I was led to this quotation by Norman Podhoretz, who is just about the best Shakespearean I know — along with Daniel Hannan.

Dan reviewed some Shakespeare recently, here. He may be an even better theater critic than he is a member of the European Parliament. In his review, he said some things that reminded me of what I have long tried to say about opera productions.

Now and then, I quote Frank Lloyd Wright: who said that a building ought to be a grace to its environment, not a disgrace. So it is with an opera production.

Hannan writes that “over-produced Shakespeare is the curse of our age.” He continues, “When dealing with the finest lines in this or any other language, you should let Shakespeare do the talking. If you insist on interposing your ego, you ensure that all in the audience, wherever they sit, get an obstructed view.”

Isn’t that wonderful?

He also writes, “When you stage Shakespeare, you are fashioning a setting for the most precious of jewels. The work demands all your artifice. The goldsmith’s craft may be creative, original, dazzling — but it must be deployed in the service of enhancing the gem, not smothering it.”

Equally wonderful.

I thought of something I had just read in an obit — an obit of “Paul Bacon, 91, Whose Book Jackets Drew Readers and Admirers.” Please let me quote:

When describing his approach to design, Mr. Bacon said he had learned to subordinate his own aesthetic impulses to convey the main concept of a book. “I always tell myself: ‘You’re not the star of the show. The author took three and a half years to write the goddamn thing and the publisher is spending a fortune on it, so just back off,’” he said in an interview with Print magazine in 2002.

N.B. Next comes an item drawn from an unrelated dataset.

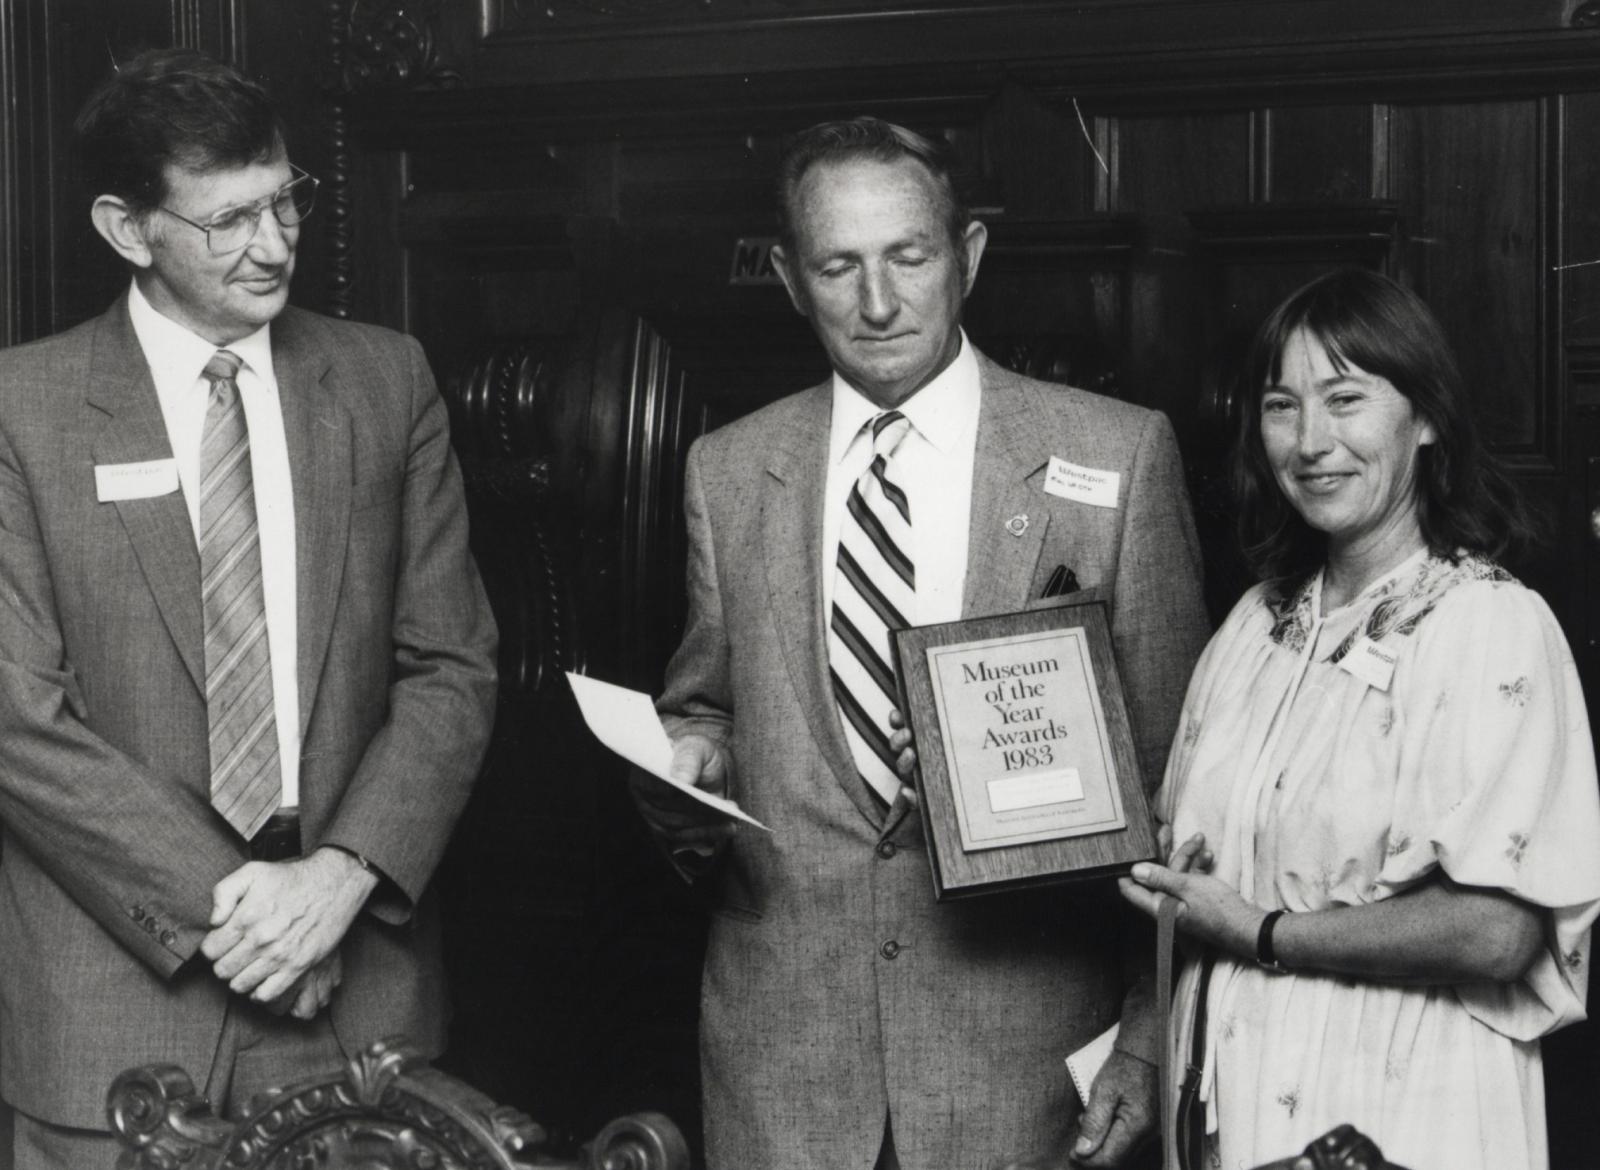 Museum of the year award presentation 1983

Oh, what a man, Paul Bacon! What a rarity! His words should be absorbed by every opera director (among others).

One more thing: In his review, Daniel Hannan mentions Jonathan Pryce, the actor. I was thinking about him a week or two ago — when I saw this headline: “Crowe apologizes for casting Emma Stone in part-Asian role.” (Article here.)

This old baloney is still going on? Twenty-five years ago, Jonathan Pryce was slated to play a Eurasian pimp in a show called Miss Saigon. The union on Broadway prevented it, on grounds that the role should go to an Asian actor, not a pasty-faced Brit like Pryce.

Obviously, some people have trouble with the very concept of acting. Also, the union, to my knowledge, was not insisting on a Eurasian actor — just an Asian one.

I’m reminded of the Groucho Marx line, about his daughter who could not go into the swimming pool, because she was Jewish: “She’s only half Jewish. Can she go in up to her knees?” (Alternative joke: “I’m only half Jewish. Can I play nine holes?”)

For some reason — and this proves that unions occasionally lose, even outside of Wisconsin — the union was forced to back down. Pryce played the role. But it was an episode that told us something sorry about the United States.